Aparecieron también en los cajones destinados al salón museo una gran esfera armilar de Tycho Brahe, un anteojo astronómico, un globo mapamundi, imitación del globo de Nancy; brújulas antiguas de marino, que al mismo tiempo servían de relojes de sol; un astrolabio de cobre, una ballestilla y un nocturlabio, instrumento que servía para saber la hora durante la noche por la altura de la Estrella Polar; sextantes, octantes, fanales y relojes de arena. Se encontraron también varios modelos de barcos de los que todavía hace años surcaban las aguas del Mediterráneo.
El doctor y Roberto preguntaron en varias partes dónde se podían seguir comprando algunos mascarones de proa, aparatos antiguos de náutica y modelos de barco. Los mascarones antiguos les dijeron todos que ya no se encontraban; quizá los aparatos de náutica viejos se hallarían en las tiendas de antigüedades y los modelos podrían hacerlos.
El joven O’Neil encontró en Palermo un carpintero de la Cala que exponía modelos de barcos en su tienda.
Entró Roberto a hablarle, y el carpintero le dijo que él no hacía más que los cascos; el que los arreglaba y les ponía las arboladuras era un torrero de un faro de la Punta del Hombre Muerto, no muy lejos de allí.
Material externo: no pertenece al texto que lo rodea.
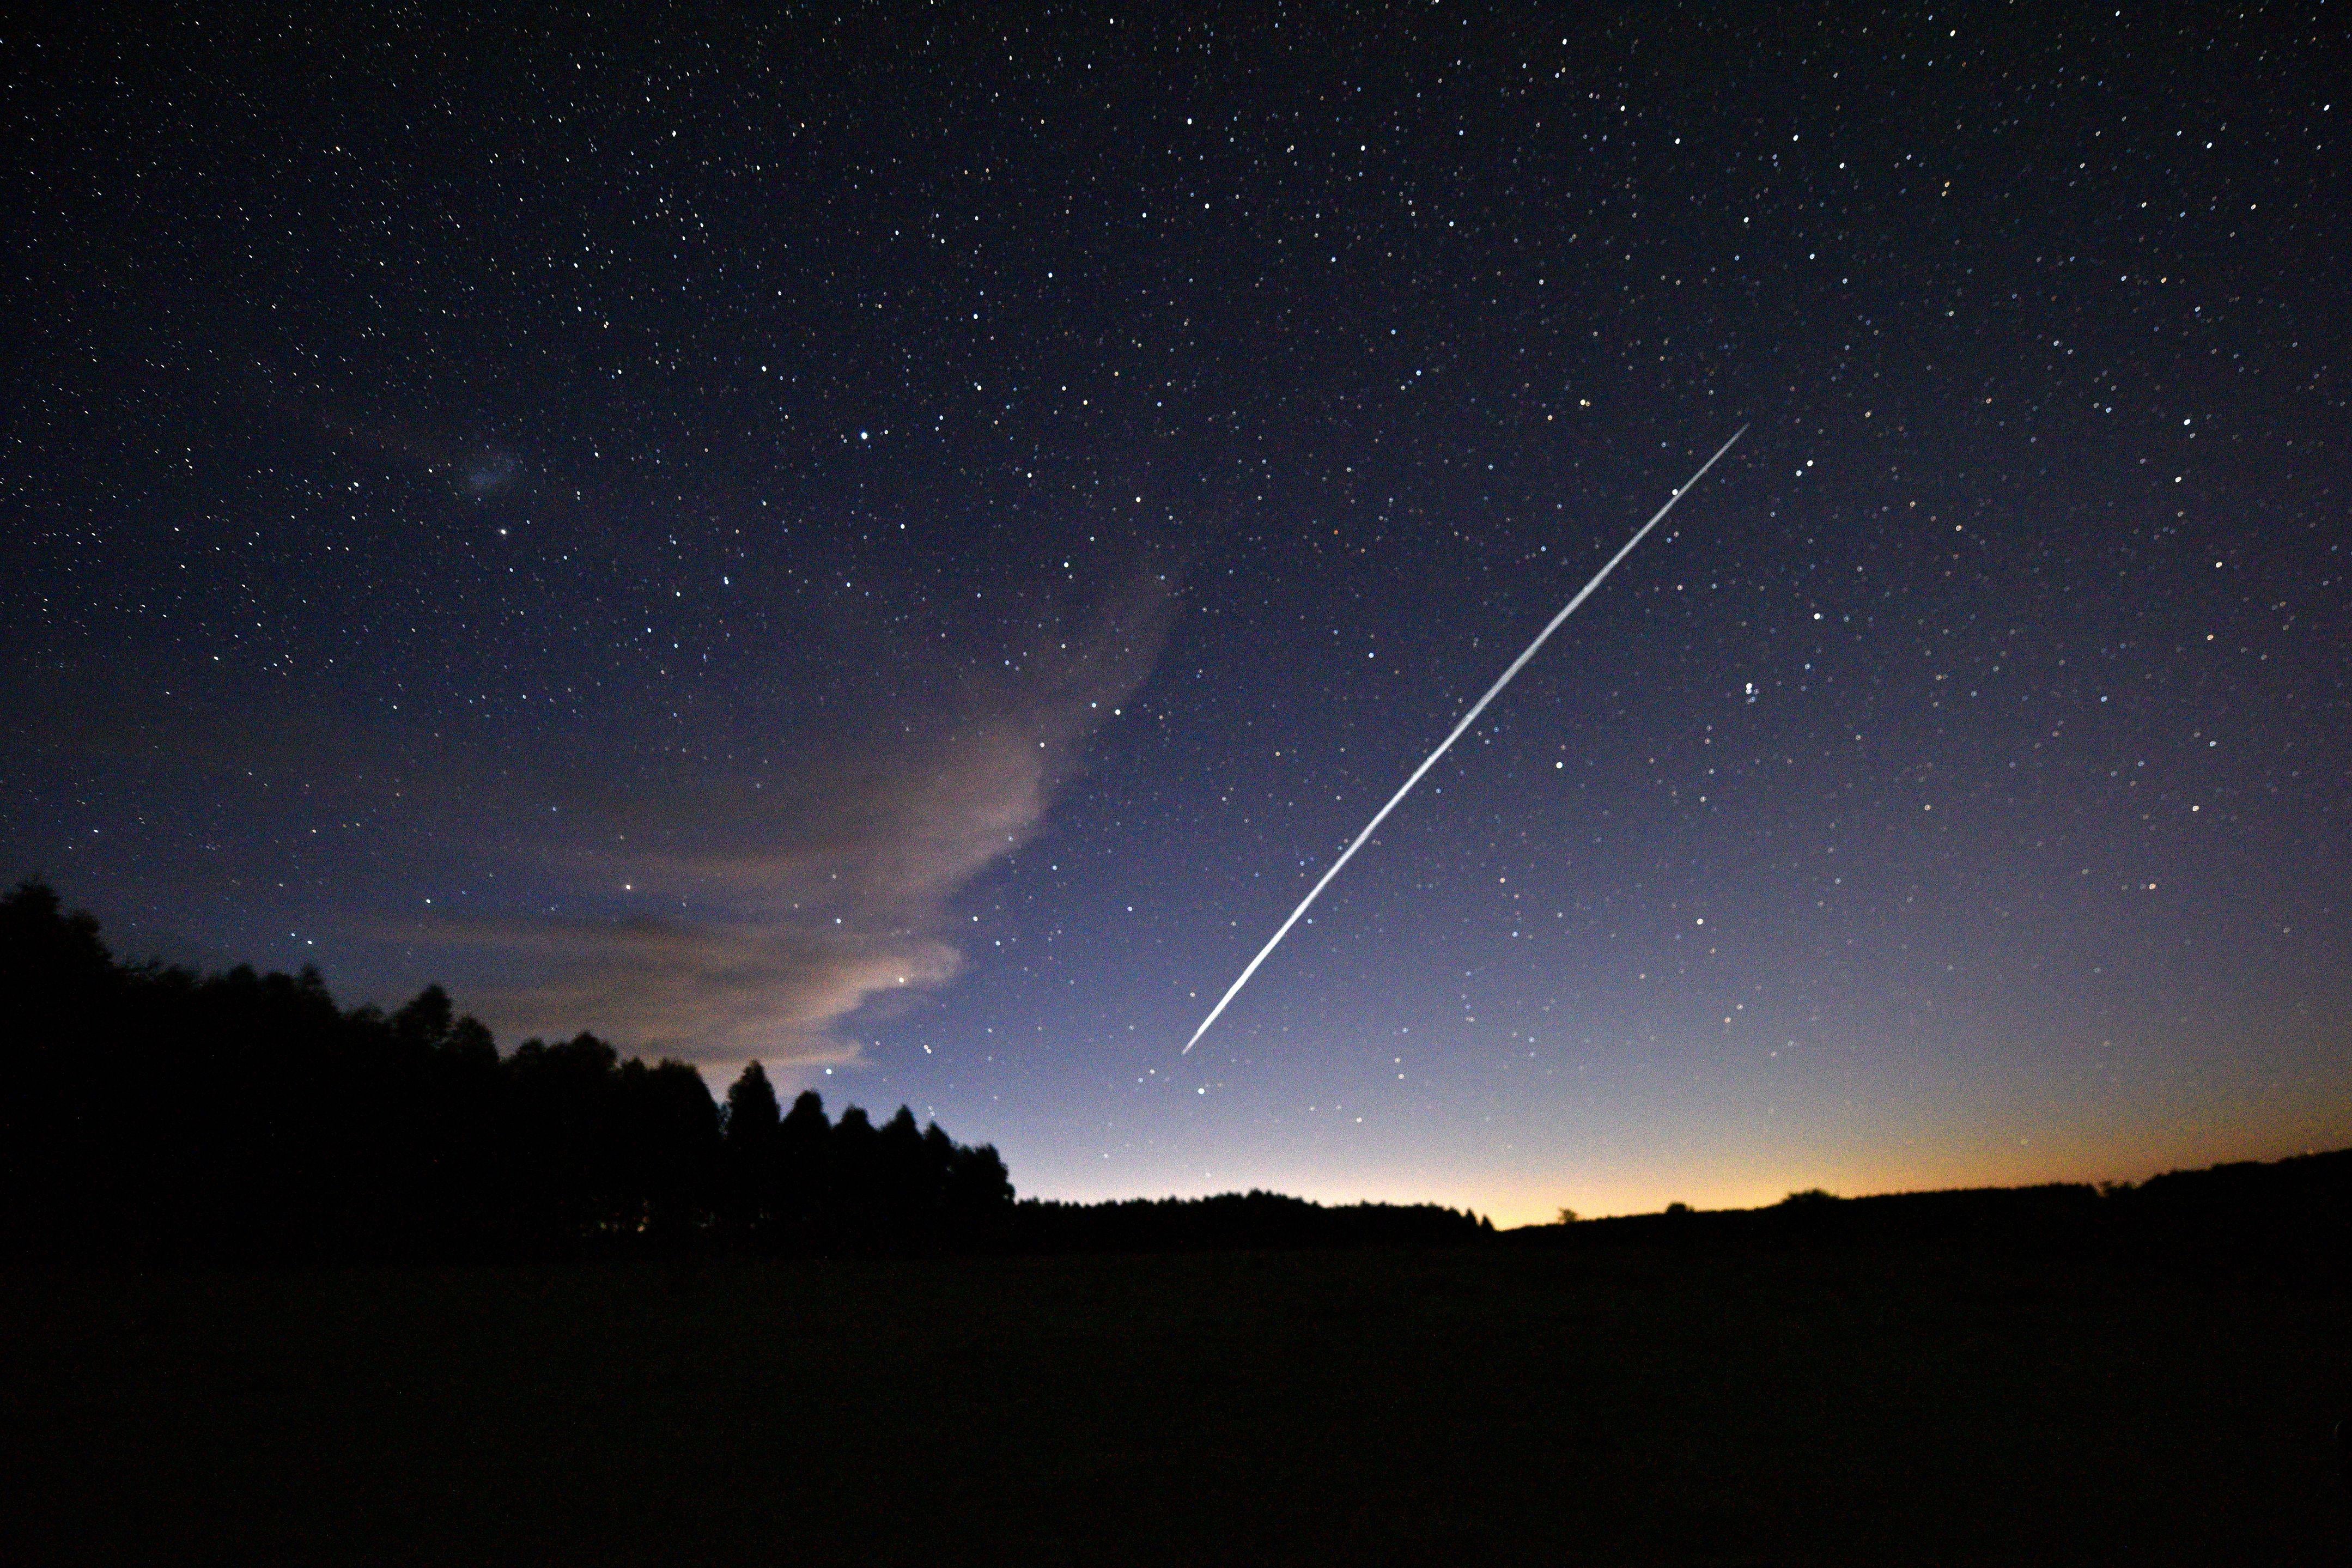 A long-exposure image of a Starlink satellite crossing the night sky, a bright line across a background of stars.

Roberto fue al faro de la Punta del Hombre Muerto y se encontró al torrero trabajando en una sala ancha, iluminada por un gran ventanal, sentado ante una mesa que tenía varios instrumentos y un tornillo de presión. Roberto le explicó lo que quería.
El torrero era un viejecito sonriente y amable. Sacó un álbum grande y fue mostrando a O’Neil los modelos que él hacía, con todos sus detalles. Estos modelos eran reproducciones de los barcos que navegaban en el Mediterráneo, tanto de los antiguos, ya casi desaparecidos, como de los modernos.
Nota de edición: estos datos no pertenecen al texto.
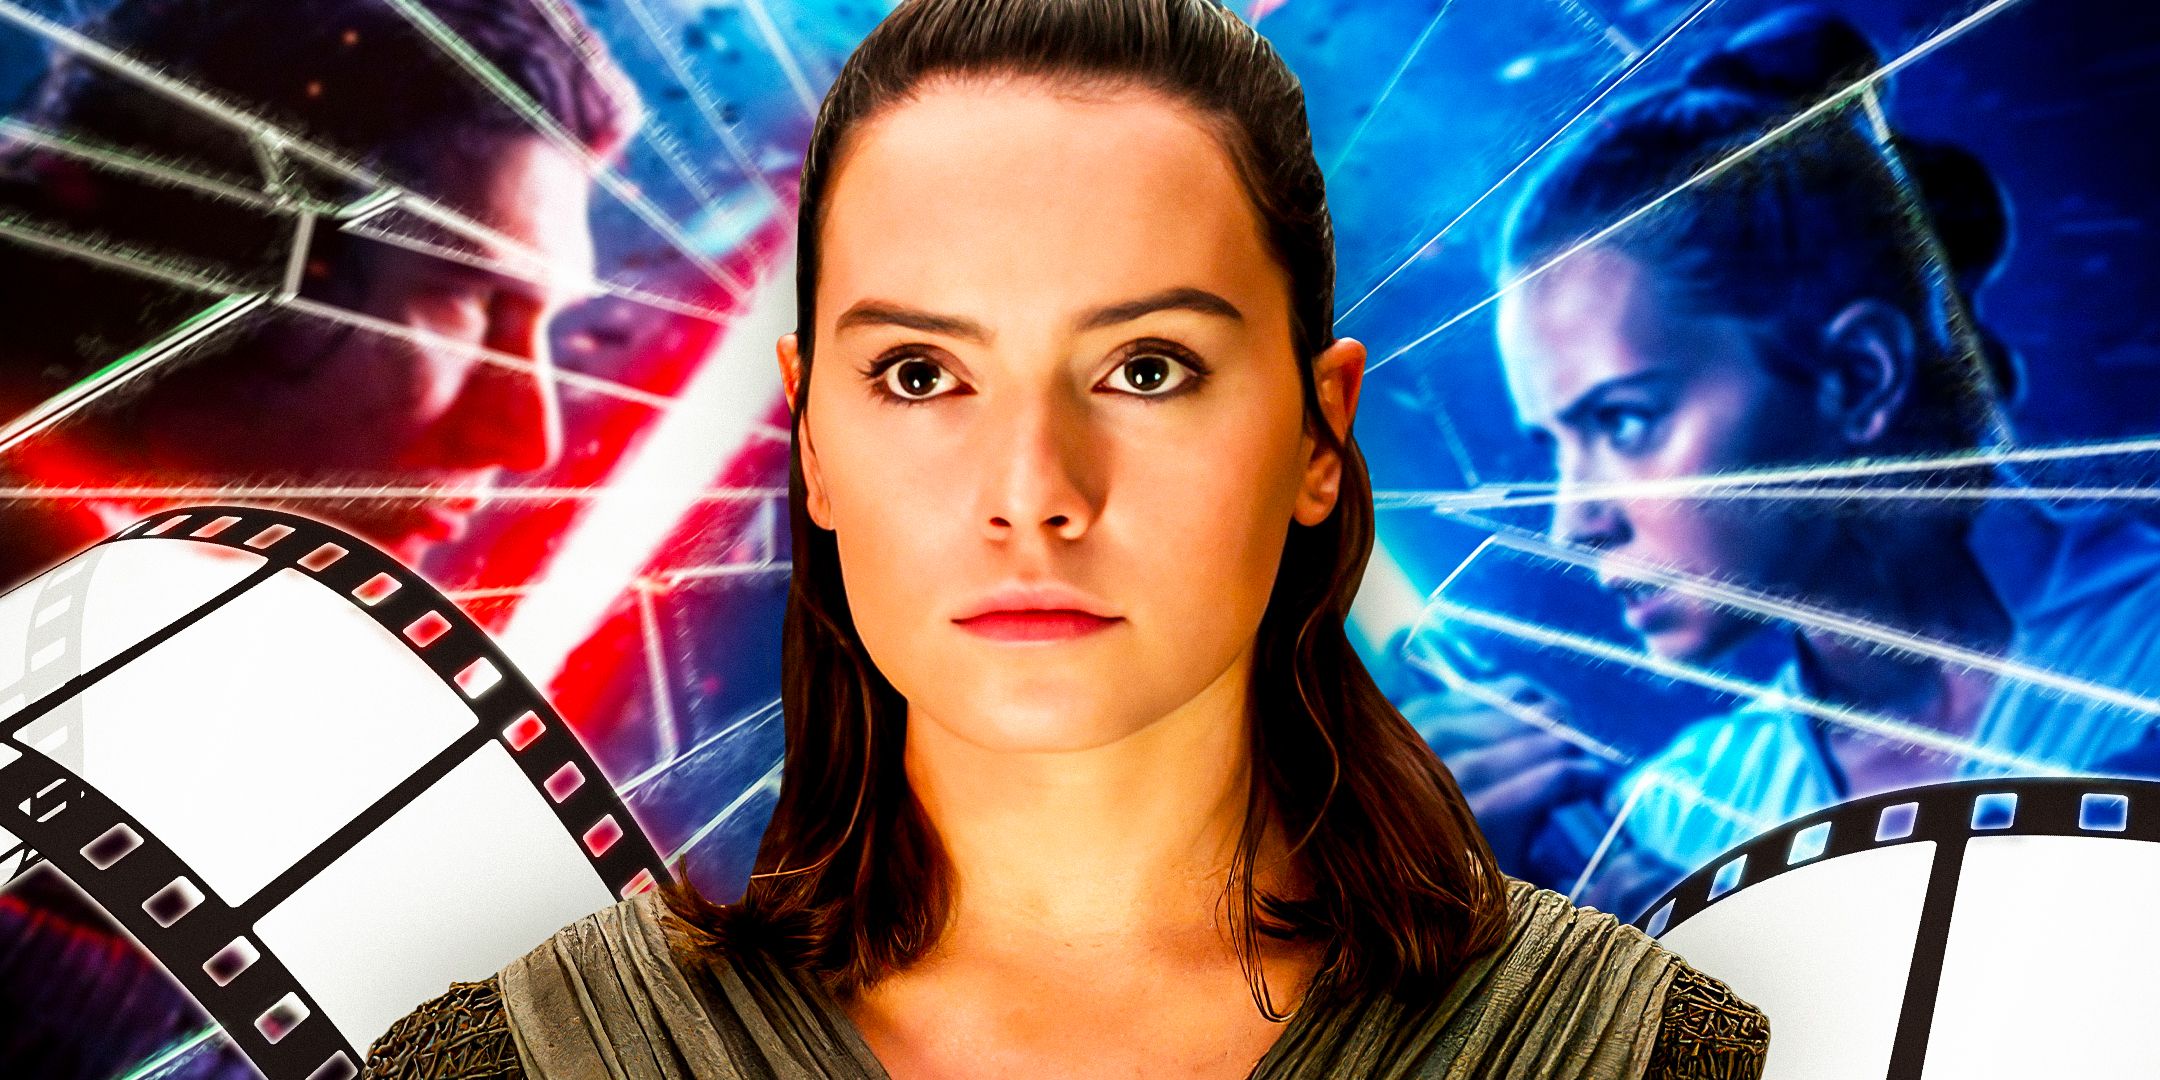 Daisy-Ridley-as-Rey-from-Star-Wars-Episode-VIII---The-Last-Jedi

Había galeras, galeotas, carracas, galeones, carabelas, bergantines, polacras, místicos, y luego los barcos pequeños: el sándalo tunecino, la chitiha de los árabes, el jabeque, pintado de blanco, negro y azul; los cárabos, los laúdes, los faluchos, las tartanas, el schifazo siciliano; el speronara, la drahisa, la farella y el canotto malteses; la tarida, la sacoleva griega, pintada de amarillo; la paranzella italiana, con sus colores como la jáquima de un caballo, con figuras grotescas y con letras; el lento sardo, el filugone napolitano y el trabaccolo triestino, amén de otros barcos, como polacras, felucas y bombardas.
O’Neil eligió de estas embarcaciones las más típicas.
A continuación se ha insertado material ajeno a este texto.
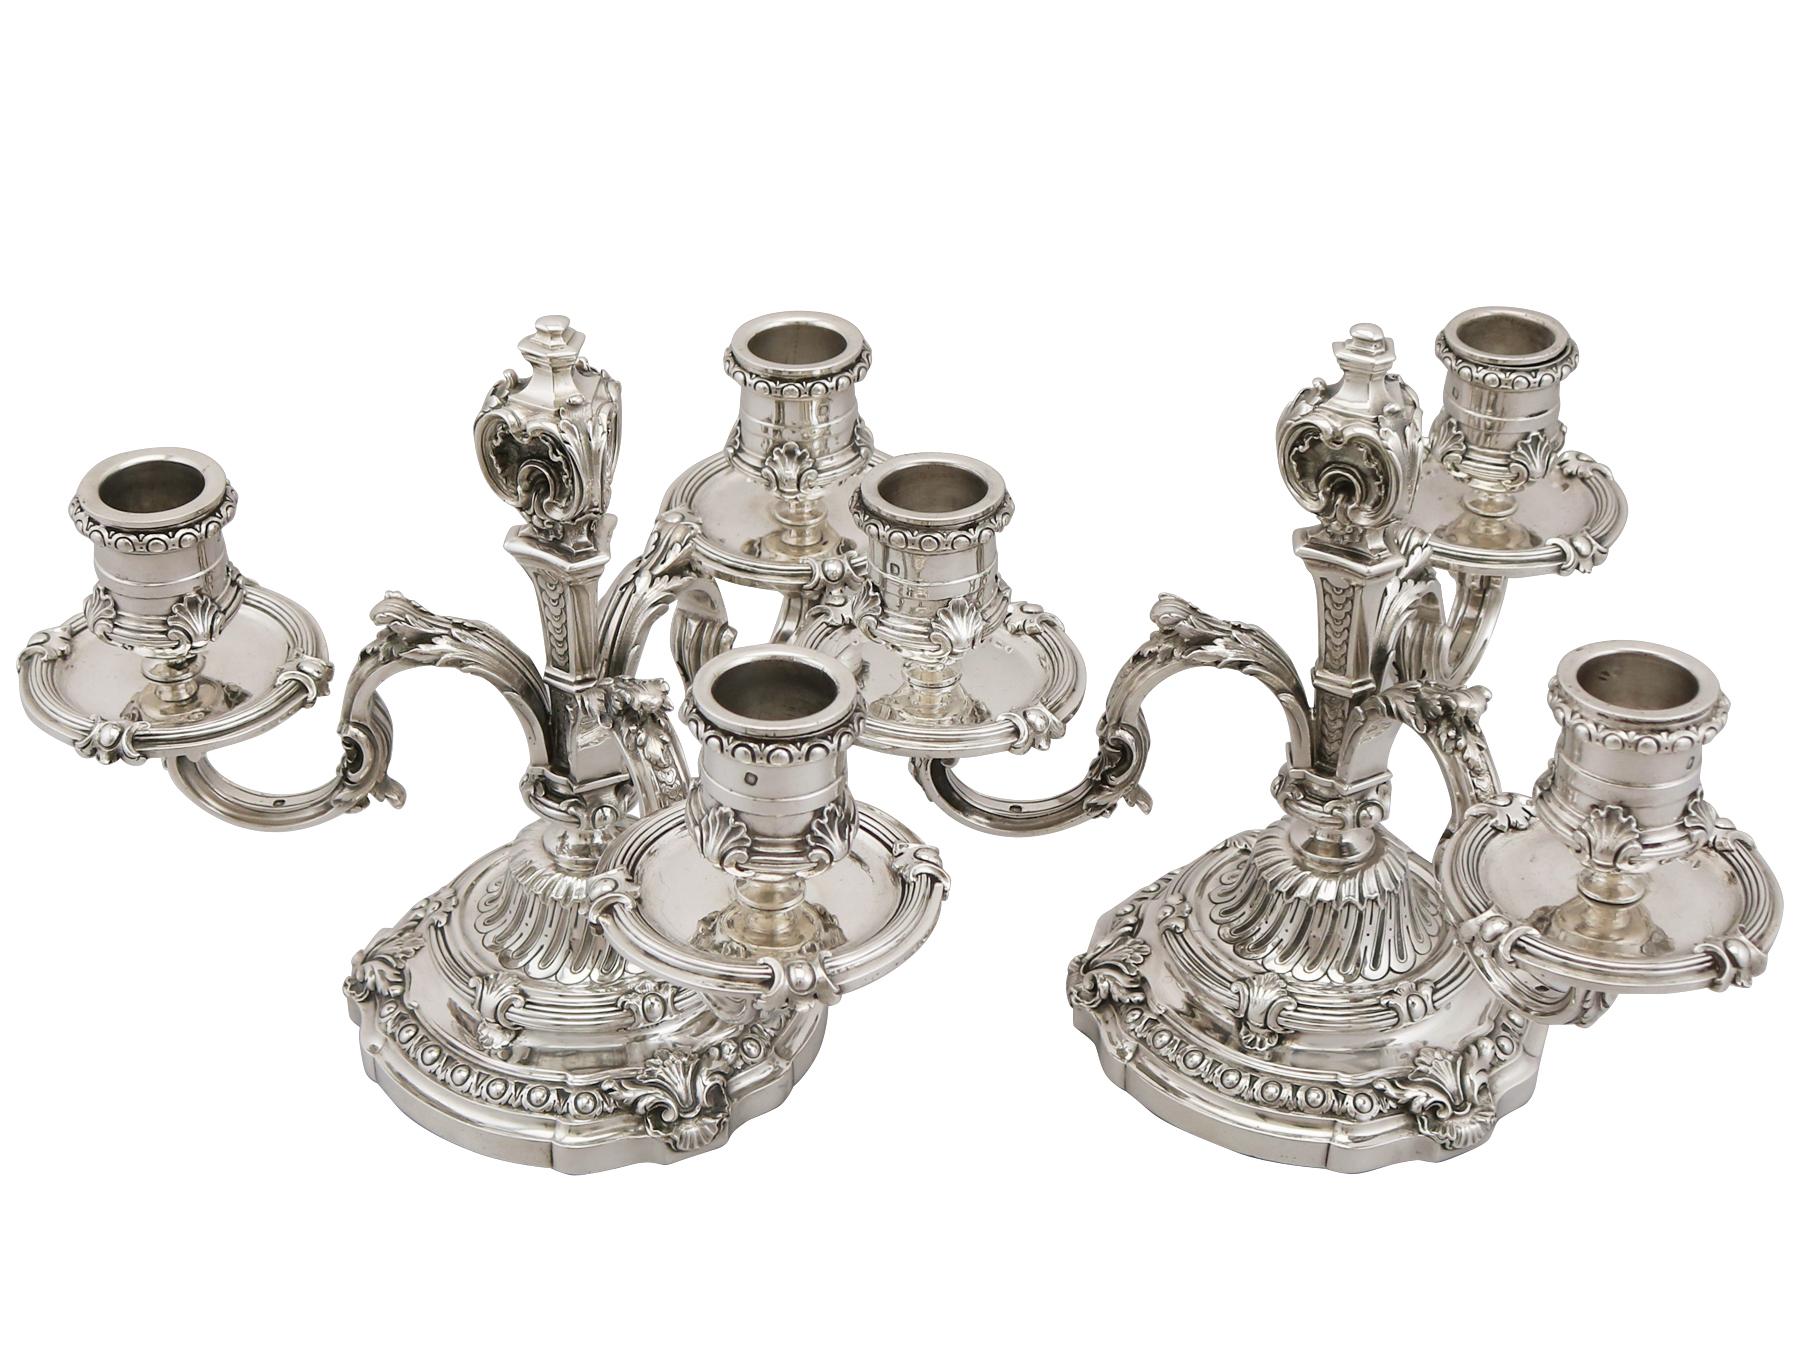 An exceptional, fine and impressive pair of antique French silver three-arm candelabra; an addition to our ornamental silverware collection.

These exceptional antique French silver candelabra have a plain circular form, reflecting the Louis XV

Además, Roberto quiso tener modelos de los barcos célebres, y encargó al torrero que le construyese en un tamaño de un metro el navío Argos, con los adornos que tenía, según la descripción de Valerio Flaco; el Bucentauro veneciano, las carabelas de Colón, de Doria y de don Juan de Austria; los bajeles berberiscos de Barbarroja y de Dragut; la nave con que Elcano dio la vuelta al mundo, y el Sovereign of The Sea, maravilla en su tiempo del arte naval.
—No tengo tiempo de hacer todo esto —dijo el torrero.
—¿No? ¿Por qué?
—Porque tardo bastante. Cada modelo de éstos tiene mucho detalle, y yo lo hago todo solo. Además, que pronto me van a retirar de torrero.
—¿Y eso qué importa para que trabaje usted?
—Es que quizá no tenga sitio, ni encargos tampoco.
—Hay una manera de resolver esa cuestión —dijo Roberto—, y es que vaya usted a vivir a mi casa cuando le retiren a usted, y allí sigue usted trabajando en esto mismo.
El torrero aceptó la proposición. Cuando le retiraran iría a vivir a la casa del Laberinto.
Varias veces Roberto fue al faro y vio trabajar al torrero.
Este torrero era un hombre que vivía solo. Una mujer de las cercanías le hacía la comida. Su gran diversión era hacer sus modelos. En unas cajitas guardaba sus poleas, sus ganchos, sus cabrestantes, sus gallardetes y sus banderas; todo en miniatura.
Tenía sus planchas de cobre para forrar los cascos, sus velas, sus mascarones de proa y sus mástiles.
En aquella soledad el torrero trabajaba. Roberto le dedicó una de sus poesías.